I would like to know an efficient approach here. Lets say we have a JSON data as follows,

root
 |-- fields: struct (nullable = true)
 |    |-- custid: string (nullable = true)
 |    |-- password: string (nullable = true)
 |    |-- role: string (nullable = true)

I can read this into data frame using,

jsonData_1.withColumn("custid", col("fields.custid")).withColumn("password", col("fields.password")).withColumn("role", col("fields.role"))

But if we have 100s of nested columns or if the cols are prone to change overtime or has more nested cols, I feel its not a good decision to use this approach.
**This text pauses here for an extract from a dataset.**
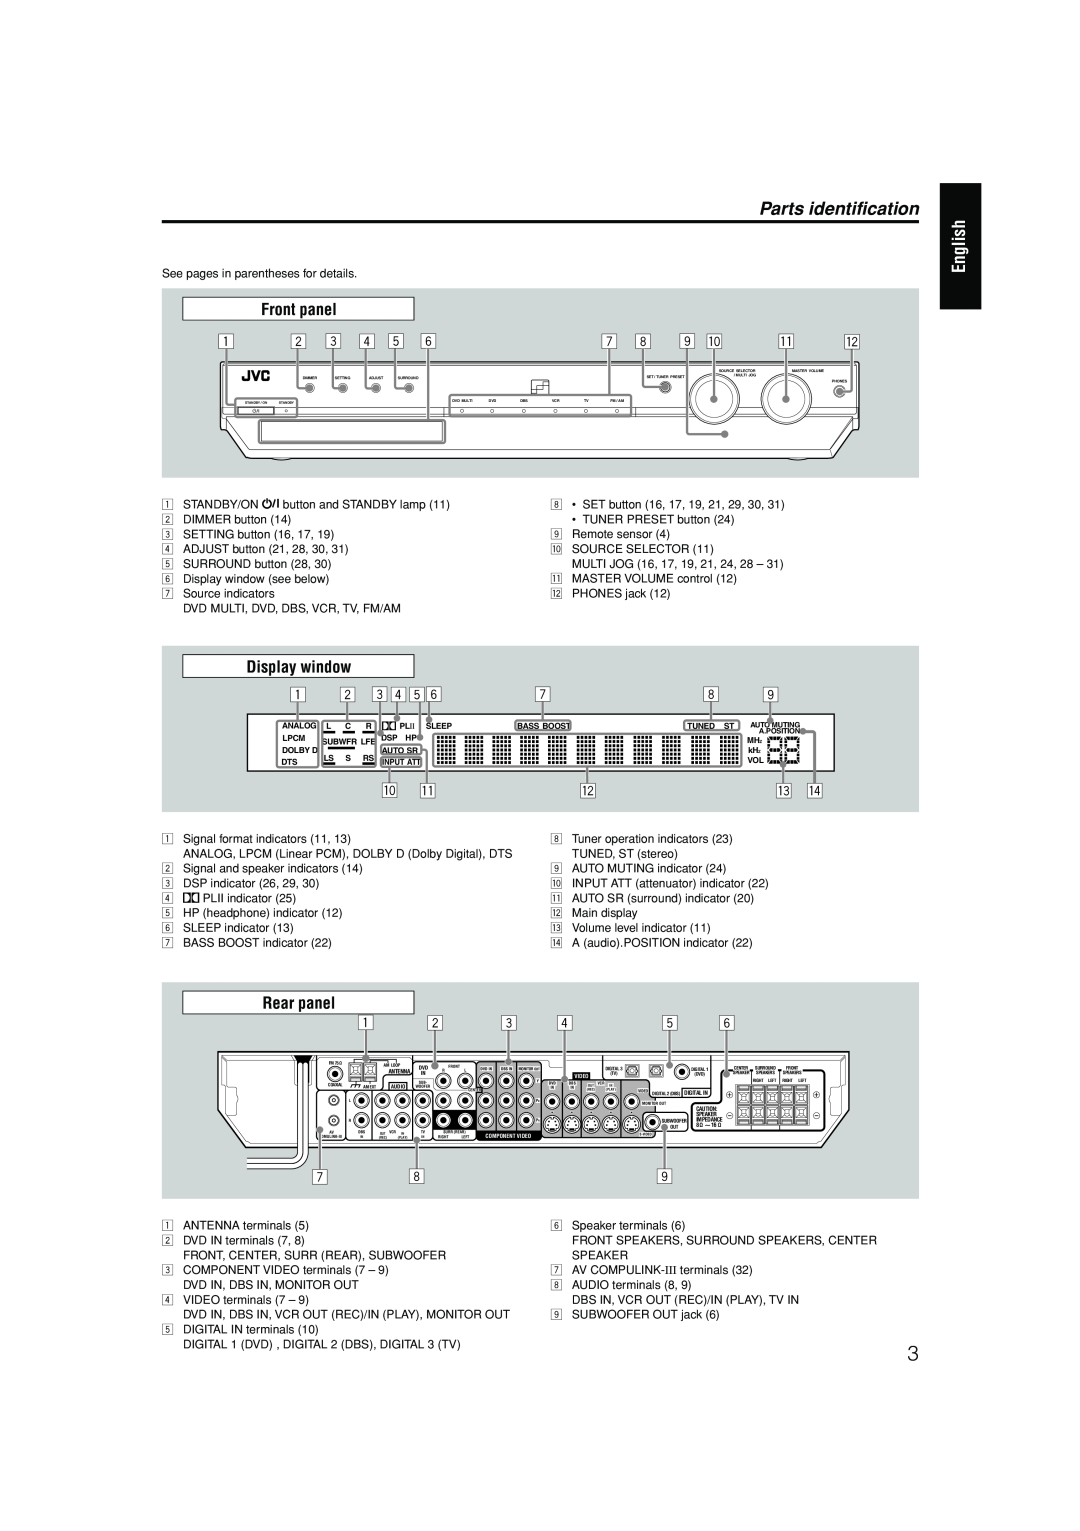 JVC RX-ES1SL manual Parts identification, English, Front panel, Source Selector

Is there any way we can make a code automatically look for all the columns and sub-cols and make a dataframe by reading the input JSON file? or is this the only good approach? Please share me your ideas here.

Lokesh
  • 87
  • 2
  • 11

1 Answers1

2

Don't need to specify each and every columns from structtype in spark.

We can extract all struct keys by specifying struct_field.* in .select

Example:

spark.read.json(Seq("""{"fields":{"custid":"1","password":"foo","role":"rr"}}""").toDS).printSchema

//schema
//root
// |-- fields: struct (nullable = true)
// |    |-- custid: string (nullable = true)
// |    |-- password: string (nullable = true)
// |    |-- role: string (nullable = true)

//read the json data into Dataframe.

val df=spark.read.json(Seq("""{"fields":{"custid":"1","password":"foo","role":"rr"}}""").toDS)

//get all fields values extracted from fields struct
df.select("fields.*").show()

//+------+--------+----+
//|custid|password|role|
//+------+--------+----+
//|     1|     foo|  rr|
//+------+--------+----+

More dynamic way of flattening json here:

import org.apache.spark.sql.Column
import org.apache.spark.sql.types.StructType
import org.apache.spark.sql.functions.col

def flattenSchema(schema: StructType, prefix: String = null) : Array[Column] = {
      schema.fields.flatMap(f => {
        val colName = if (prefix == null) f.name else (prefix + "." + f.name)

        f.dataType match {
          case st: StructType => flattenSchema(st, colName)
          case _ => Array(col(colName))
        }
      })
    }

val df=spark.read.json(Seq("""{"fields":{"custid":"1","password":"foo","role":"rr","nested-2":{"id":"1"}}}""").toDS)

df.select(flattenSchema(df.schema):_*).show()

//+------+---+--------+----+
//|custid| id|password|role|
//+------+---+--------+----+
//|     1|  1|     foo|  rr|
//+------+---+--------+----+
notNull
  • 30,258
  • 4
  • 35
  • 50